"Ah, it is not worth while bluffing," he said. "I have never written such a letter to you. You know it. Is it likely I should?"

Mr. Taynton apparently had no reply to this. But he had a question to ask.

"Why are you taking up this hostile and threatening attitude?"

"I have not meant to be hostile, and I have certainly not threatened," replied Mills. "I have put before you, quite dispassionately I hope, certain facts. Indeed I should say it was you who had threatened in the matter of those letters, which, unhappily, have never existed at all. I will proceed.

"Now what has been my part in this affair? I have observed you lost money in speculations of which I disapproved, but you always knew best. I have advanced money to you before now to tide over embarrassments that would otherwise have been disastrous. By the exercise of diplomacy—or lying—yesterday, I averted a very grave danger. I point out to you also that there is nothing to implicate me in these—these fraudulent employments of a client's money. So I ask, where I come in? What do I get by it?"

Mr. Taynton's hands were trembling as he fumbled at some papers on his desk.

"You know quite well that we are to share all profits?" he said.

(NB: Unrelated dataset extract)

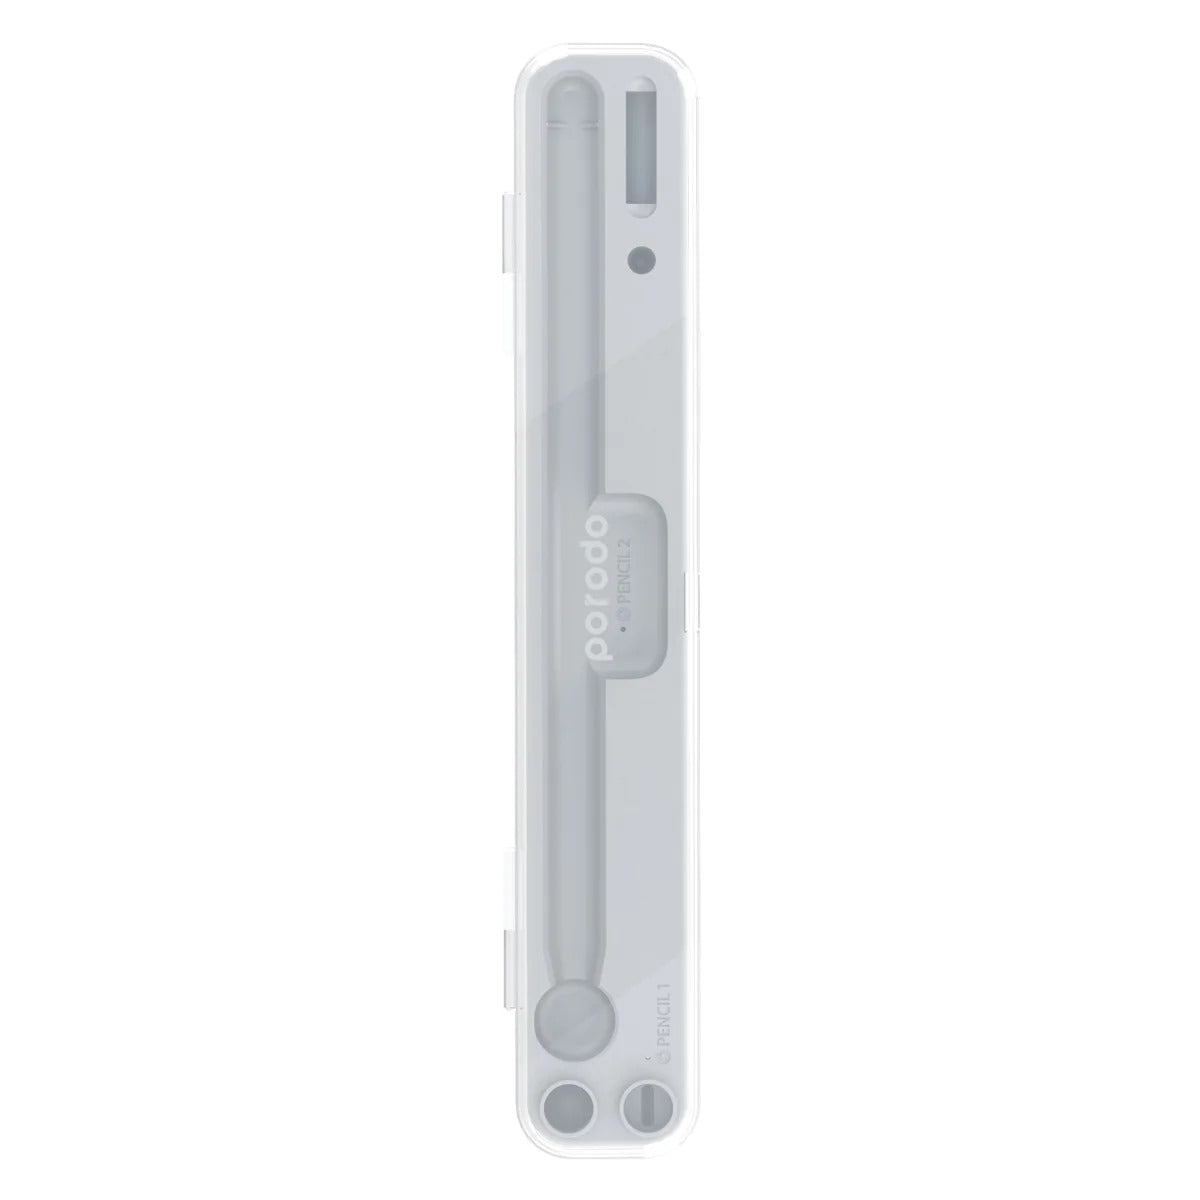 Porodo Wireless Charging & Storage For Pencil 1&2 Case - White

"Yes, but at present there have not been any. I have been, to put it plainly, pulling you out of holes. And I think—I think my trouble ought to be remunerated. I sincerely hope you will take that view also. Or shall I remind you again that there is nothing in the world to connect me with these, well, frauds?"

Mr. Taynton got up from his chair, strolled across to the window where he drew down the blind a little, so as to shut out the splash of sunlight that fell on his table.

"You have been betting again, I suppose," he asked quietly.